The sense of loss that trans people generally deal with leaves us susceptible to slights both real and imagined. I took this personally and dragged it as baggage to my therapist appointment a few days later. I spent the better part of an hour crying and trying with her help to find a way to get past this. She suggested I call my daughter and tell her how it affected me, I thought I would actually do it in a letter because I’m better with words on paper, but before I could do either she called me.

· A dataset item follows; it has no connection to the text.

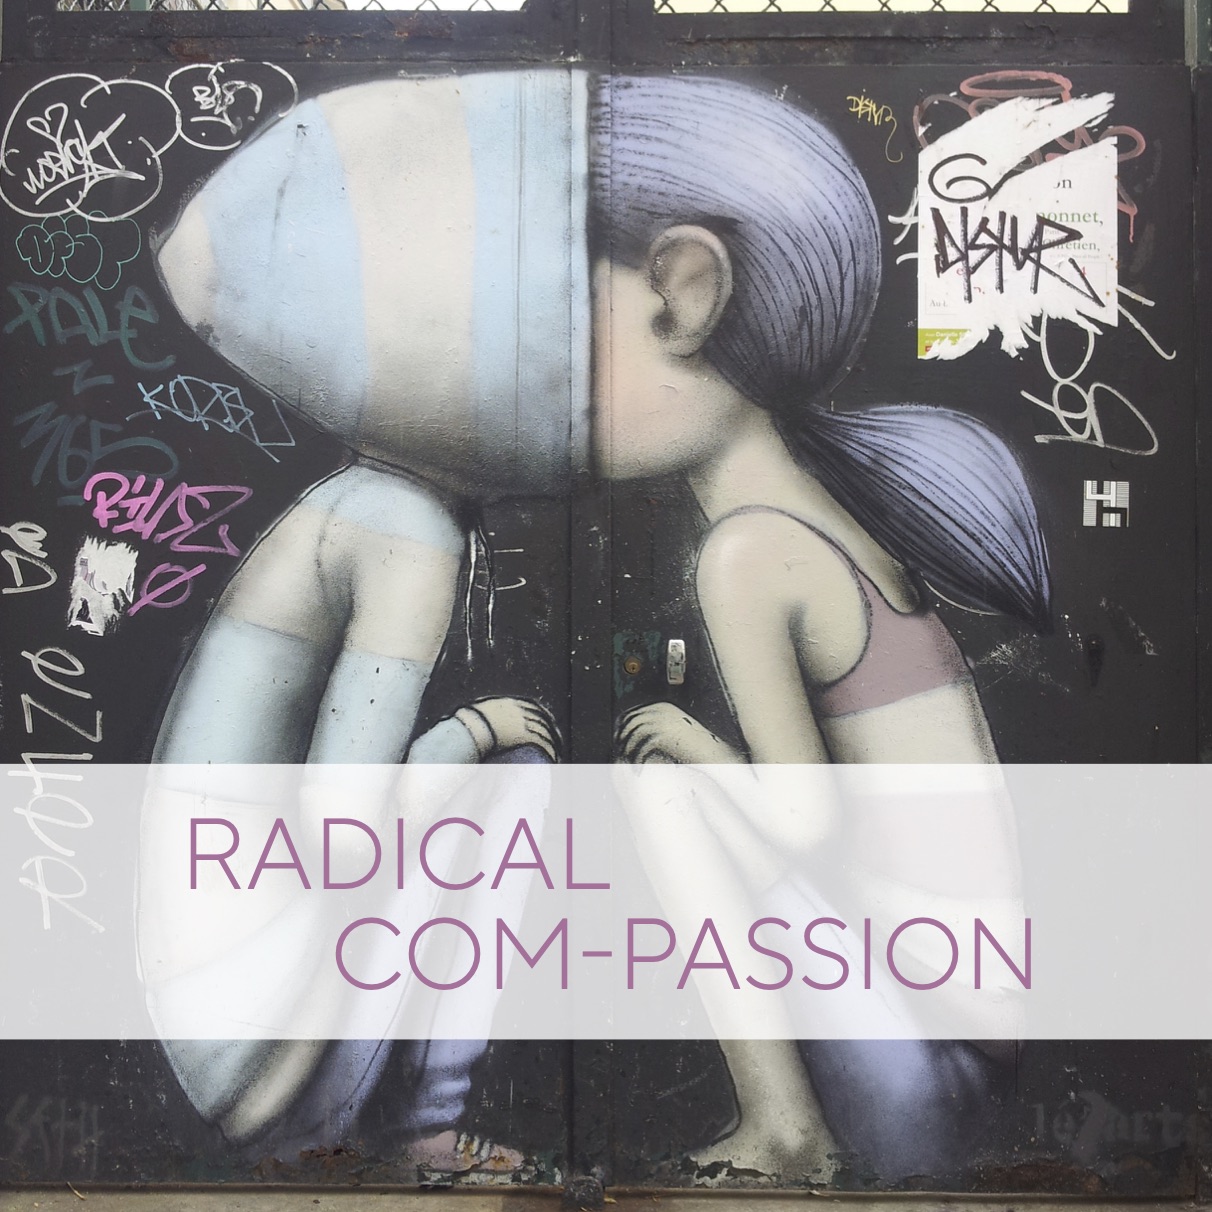 Radical Com-Passion (New Work Radicalism #3)
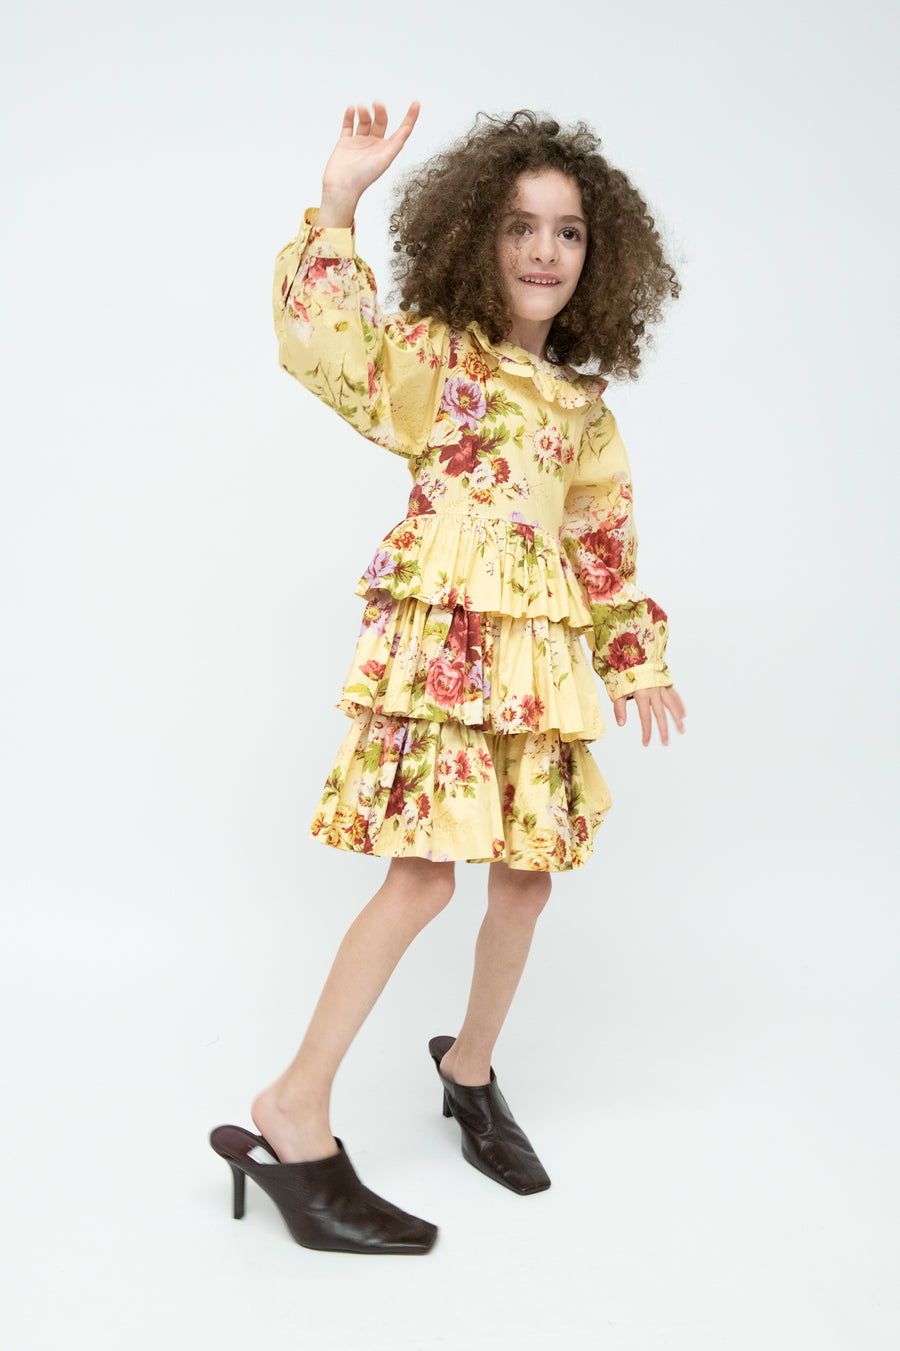 Laura Ashley x BATSHEVA Kid's Dress in Arundel - BATSHEVA

I told her how disappointed I was that she was here but didn’t show at the open mic, which would have meant so much to me. Here is where I get to the crux of the matter, she said that she couldn’t come because she was here with my ex-wife. I said they should have come together. She said, well she didn’t say anything exactly, more like stuttering and mumbling and muttering. Her incomprehensible verbiage left no doubt that my ex would rather be stabbed in the eye with a hot poker than to ever be in the same room with me again. I think this actually applies to being in the same county, in fact if it wasn’t that our daughter lives 20 miles from here she would rather not be within a hundred miles of me.

Wow…. My ex and I were together for over 30 years, we have a wonderful daughter together. I have not laid eyes on her in 2 ½ years and not spoken a word to her in a year and a half. That she can hate me with such ferocity for wanting to live really shocks me. I really do believe that she would have been so much happier if I had simply had the decency to die or kill myself.

The poem I presented at the mic last week spoke of the loss of my oldest friend and how much it hurts to lose the people that we share our history with, the people that know our stories. There is no one in my life that I have had more stories with than my ex-wife, I thought that eventually she would get over her anger.

It is becoming abundantly clear that will not be the case, I do wonder if she tells new people she meets that I died a tragic death leaving her a poor struggling widow.

Welcome to the life and loss of a transgender woman.

P.S. – I want to make it clear that I understand and appreciate the difficult tightrope that my daughter is forced to walk between my ex and myself. I’m grateful for that which she shares with me.